START Dataset extract

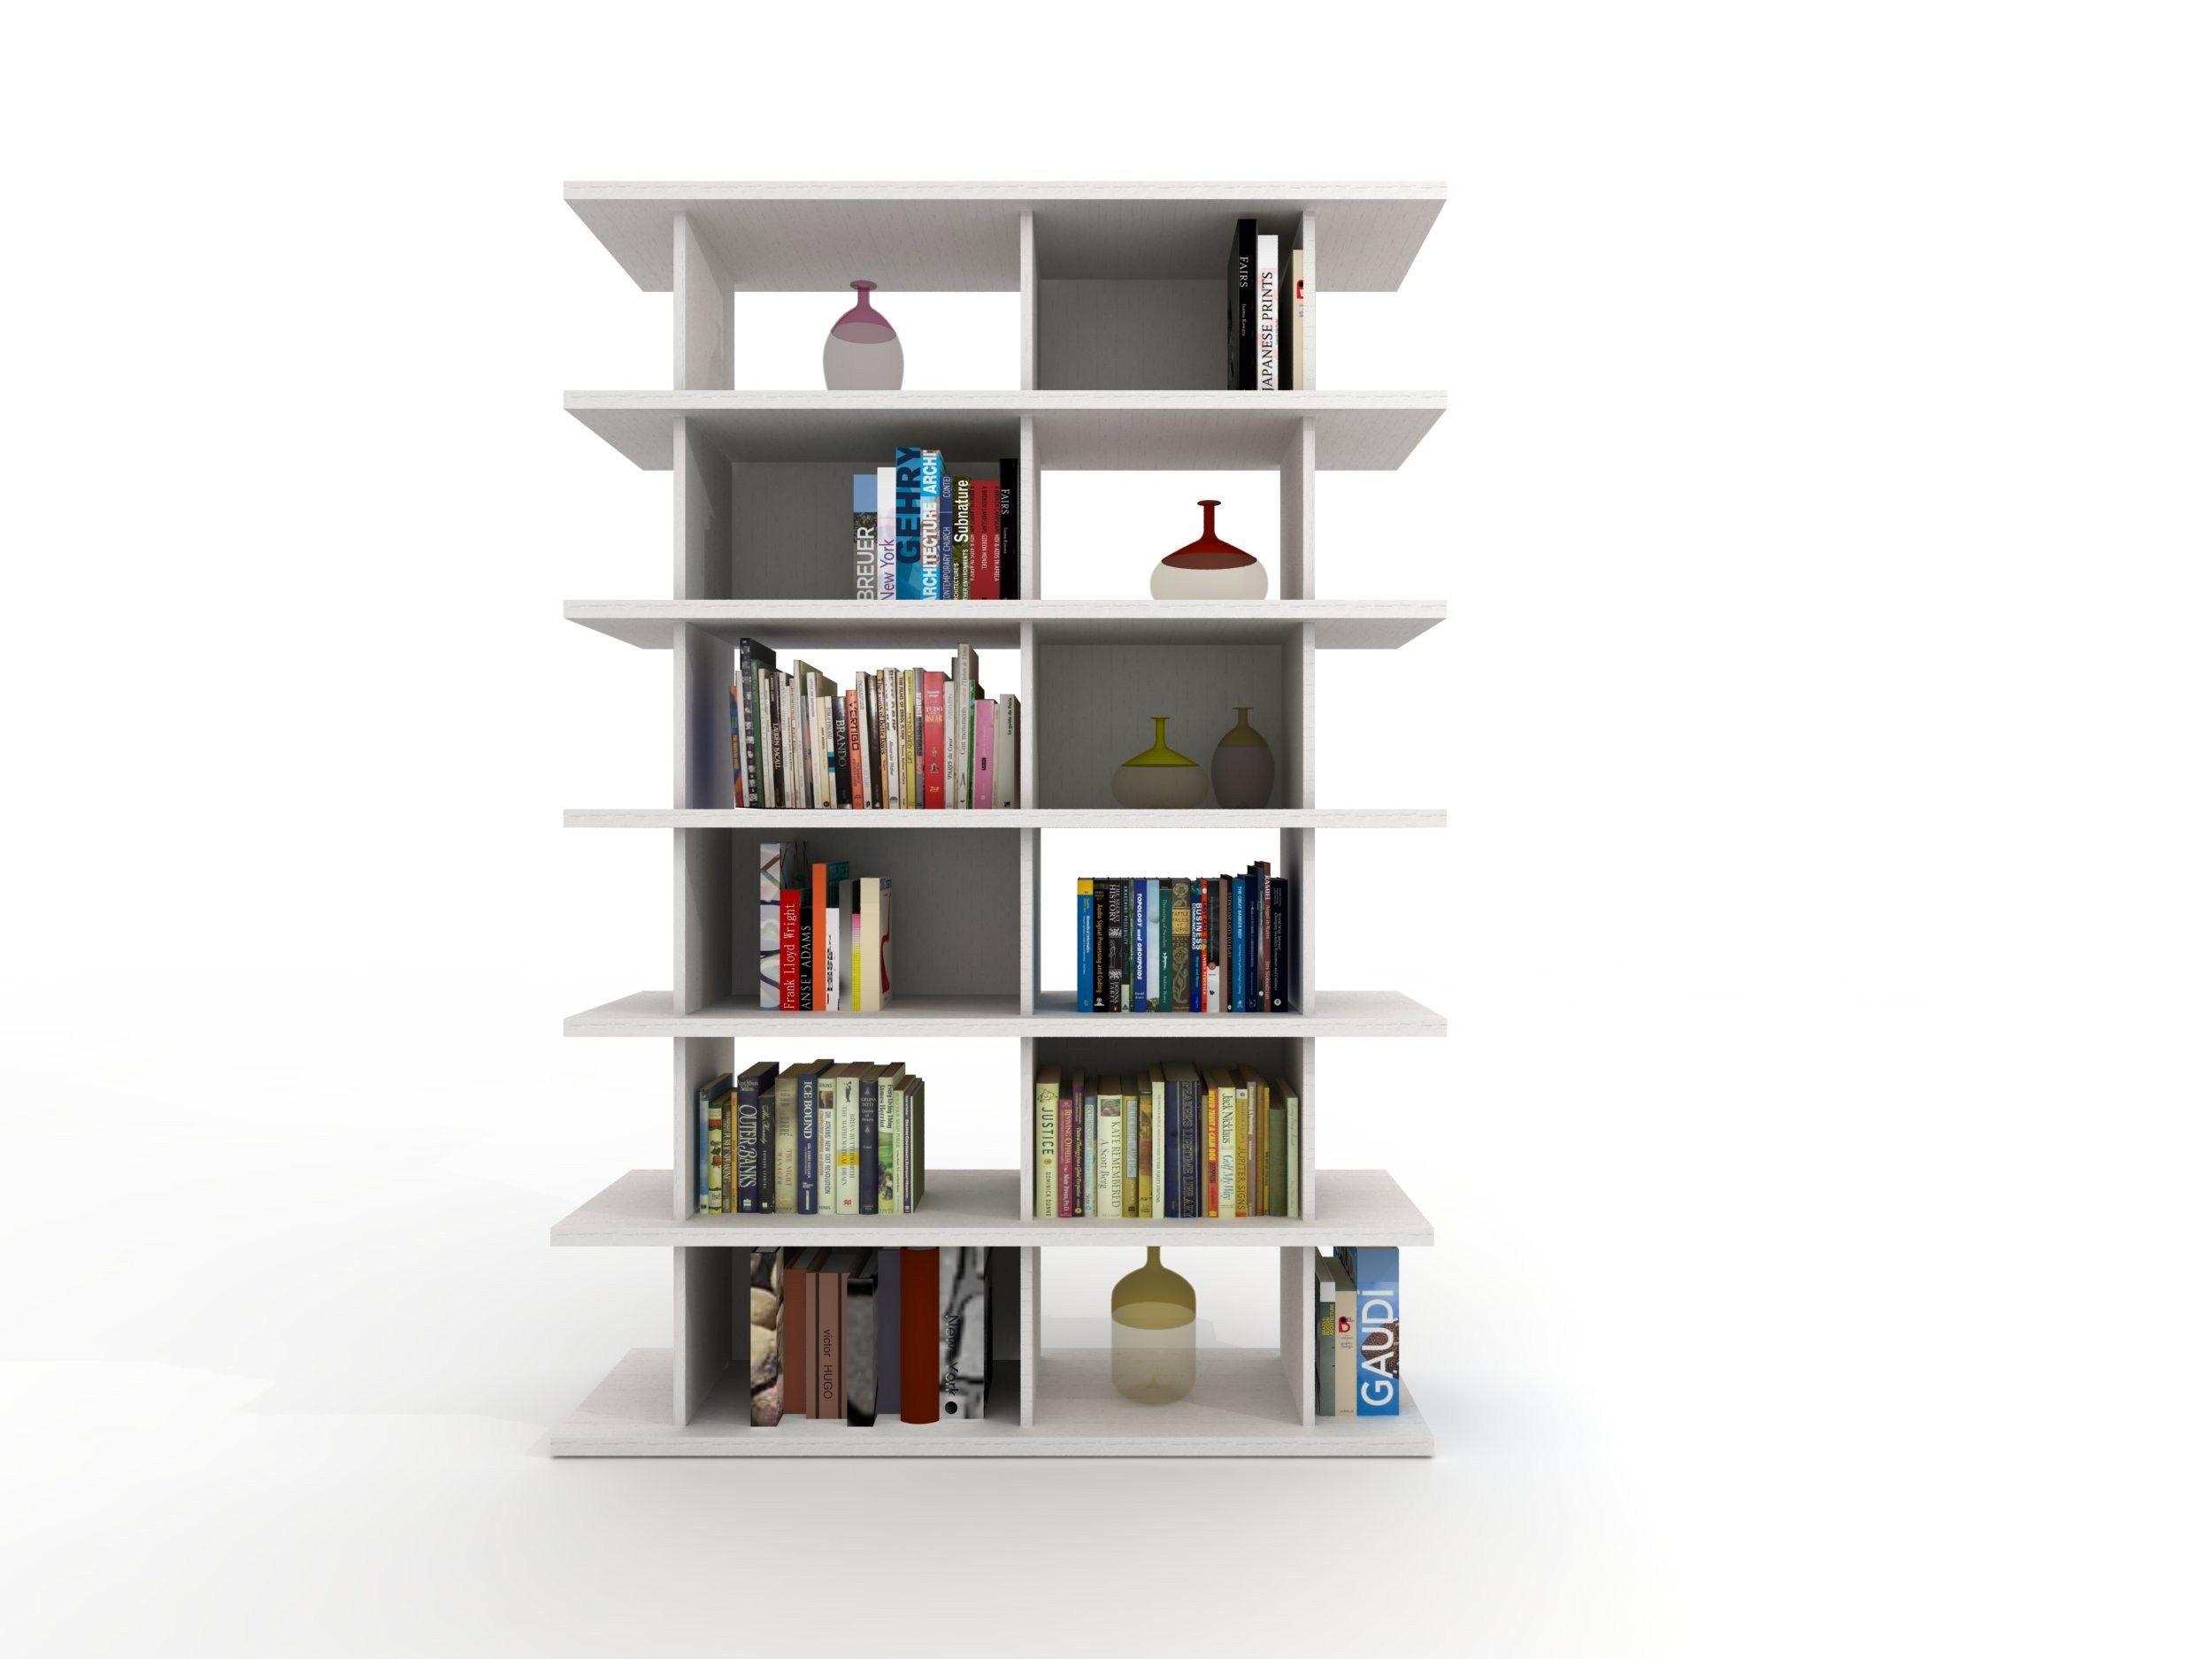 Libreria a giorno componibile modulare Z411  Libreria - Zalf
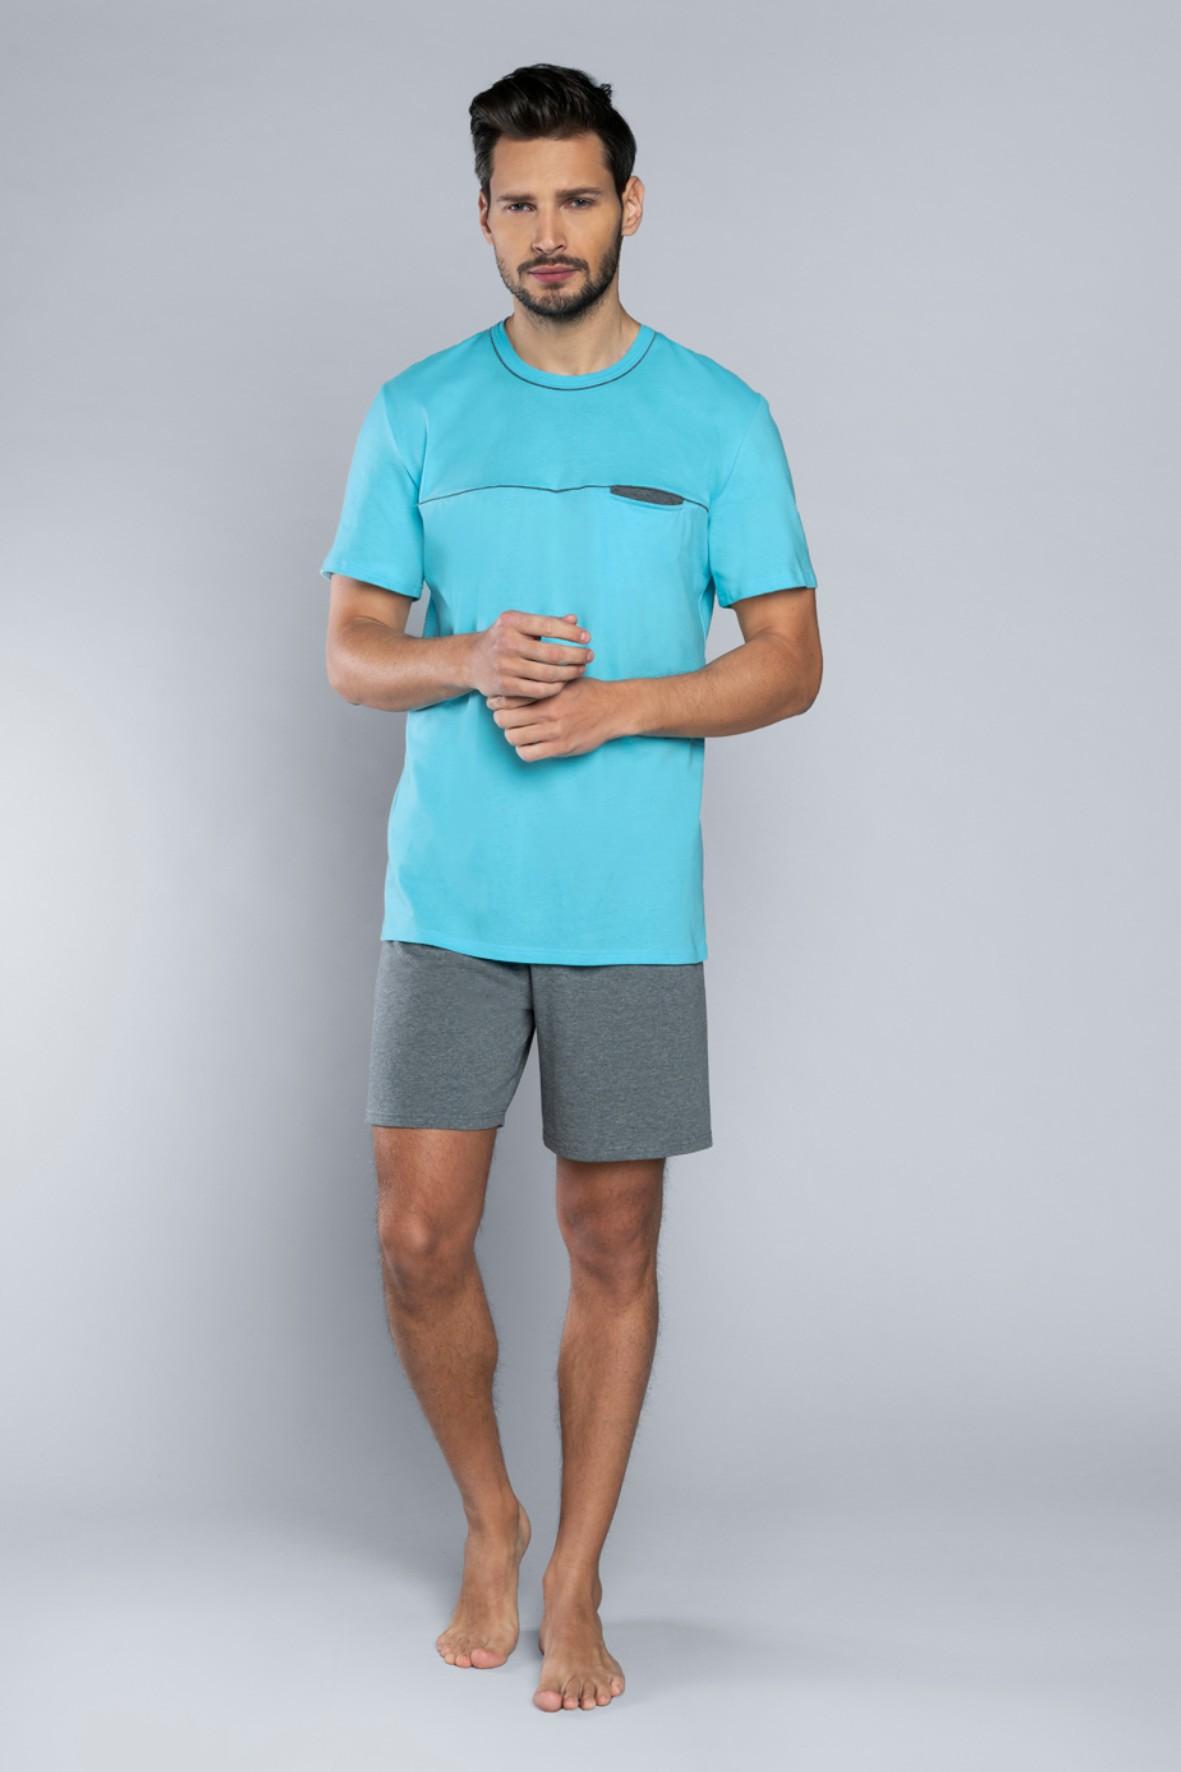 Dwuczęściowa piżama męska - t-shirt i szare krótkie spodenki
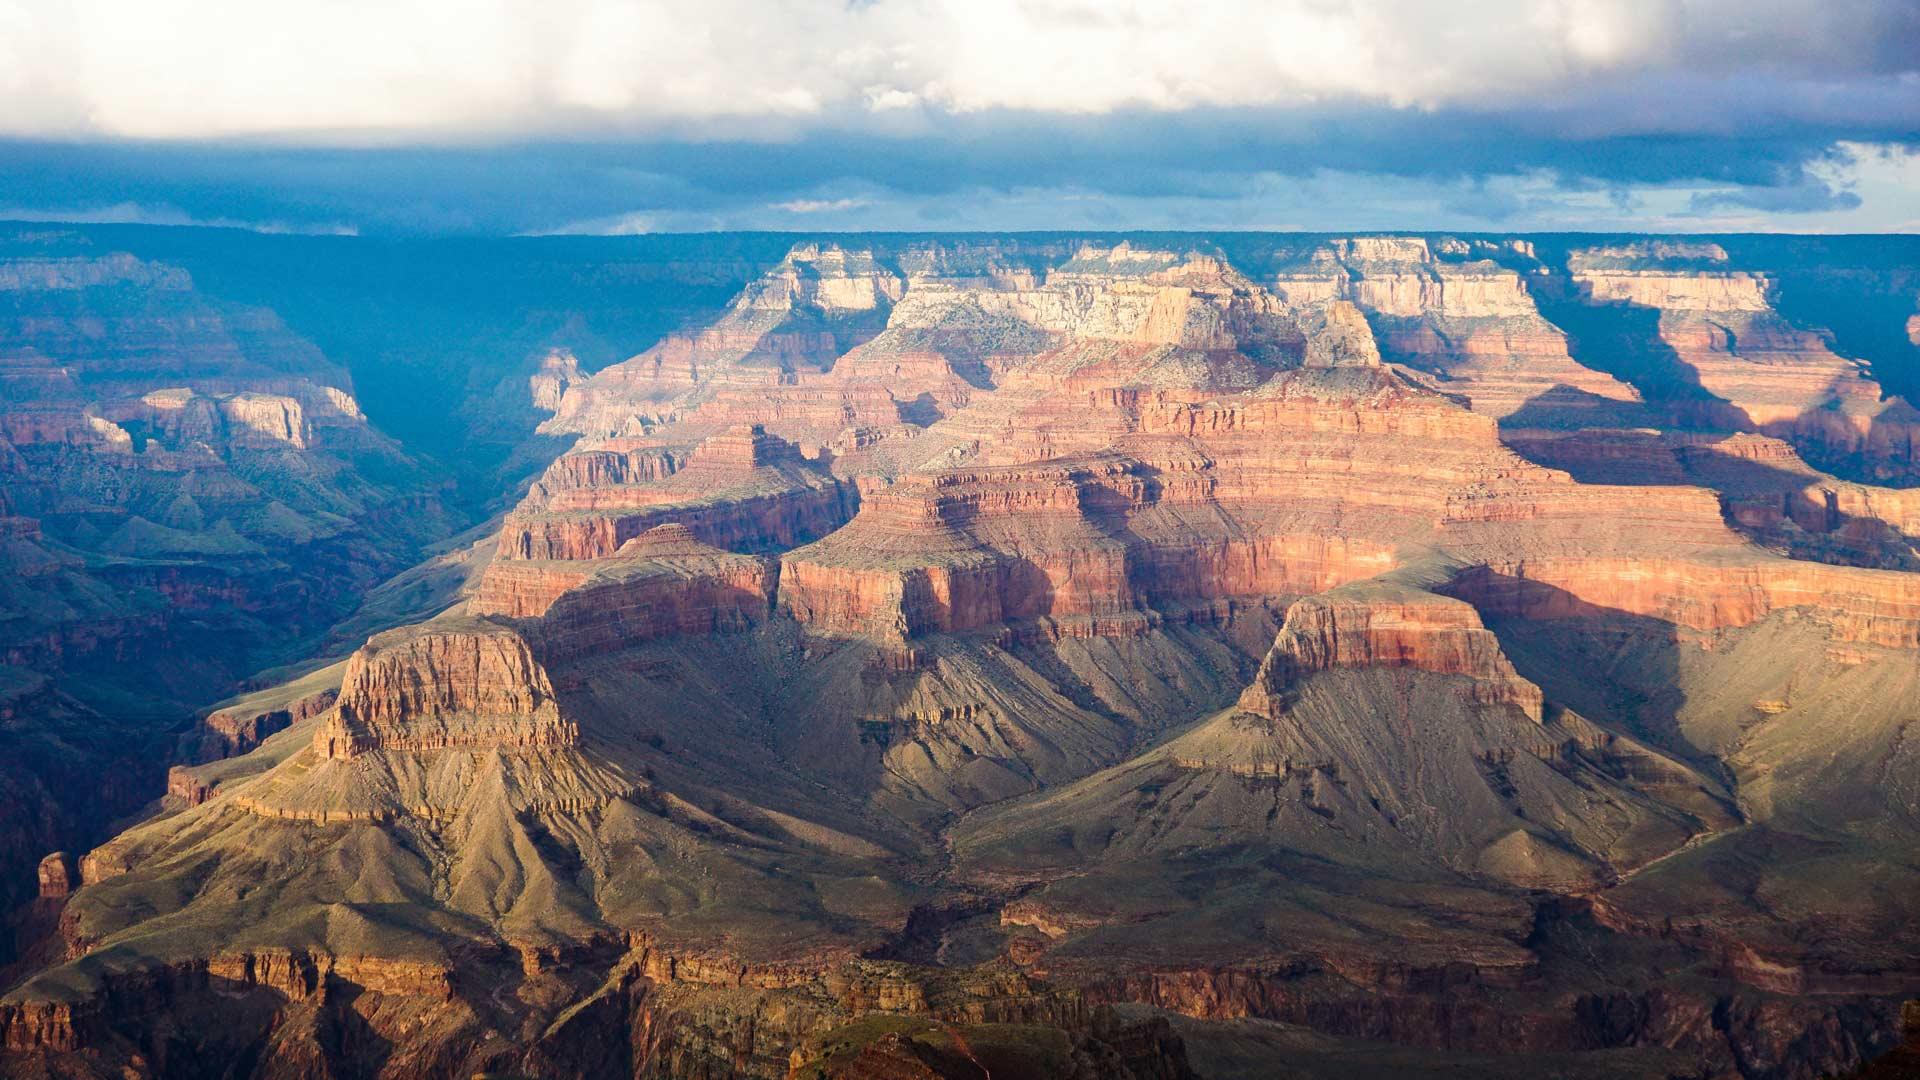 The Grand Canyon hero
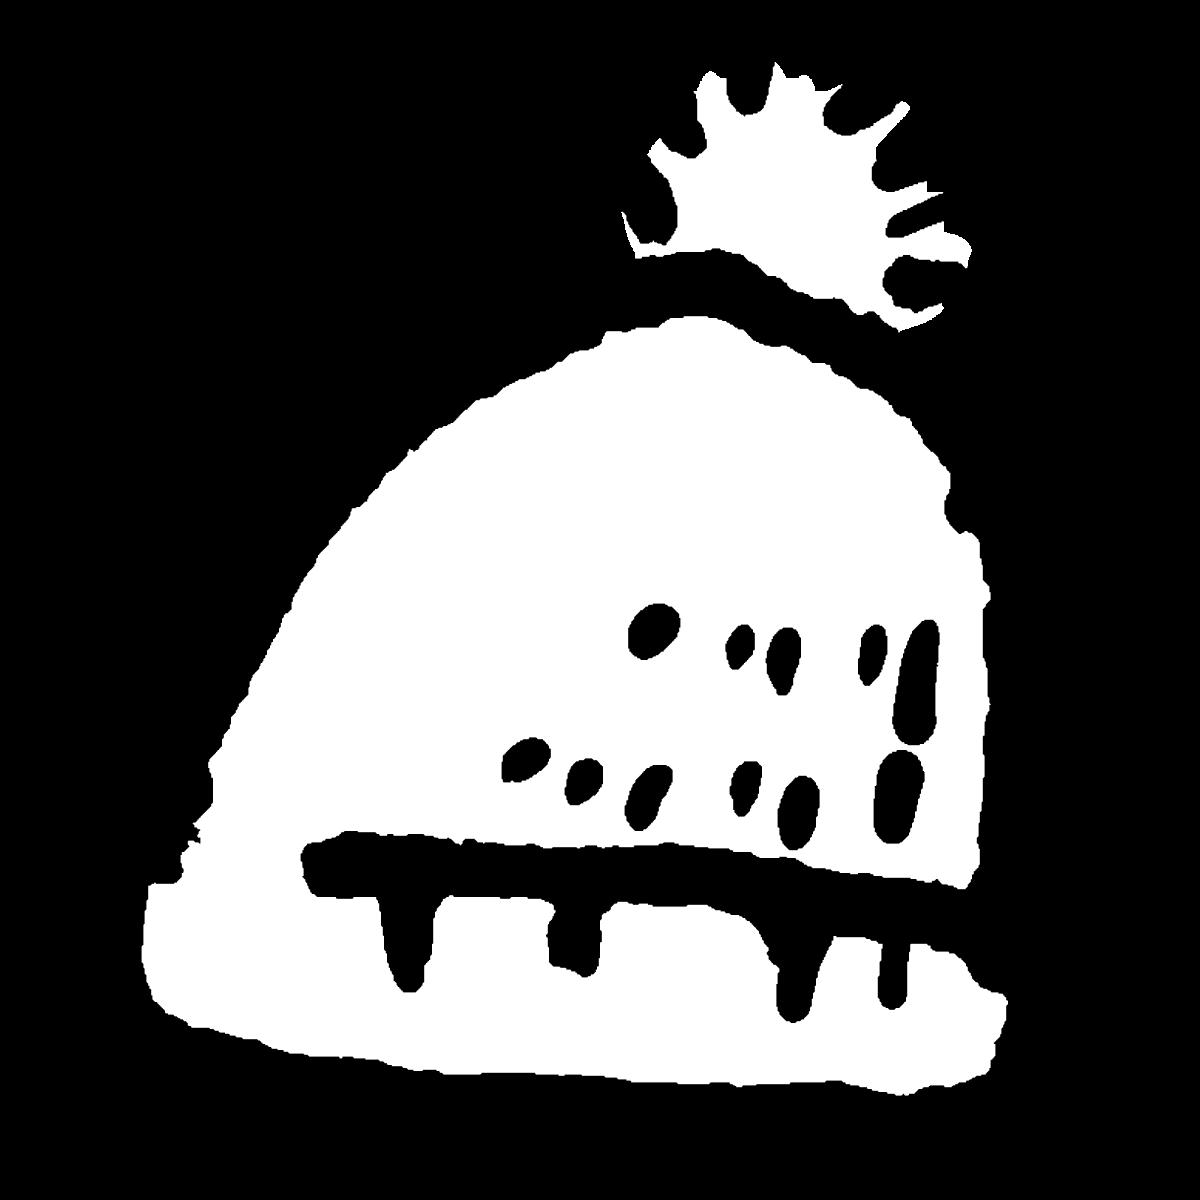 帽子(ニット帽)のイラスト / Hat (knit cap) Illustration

END Dataset extract

Leave the pictures out, and reproduce only the lines from the line holding "The Grand Canyon hero" through the last line of the material, both included.

 The Grand Canyon hero
 帽子(ニット帽)のイラスト / Hat (knit cap) Illustration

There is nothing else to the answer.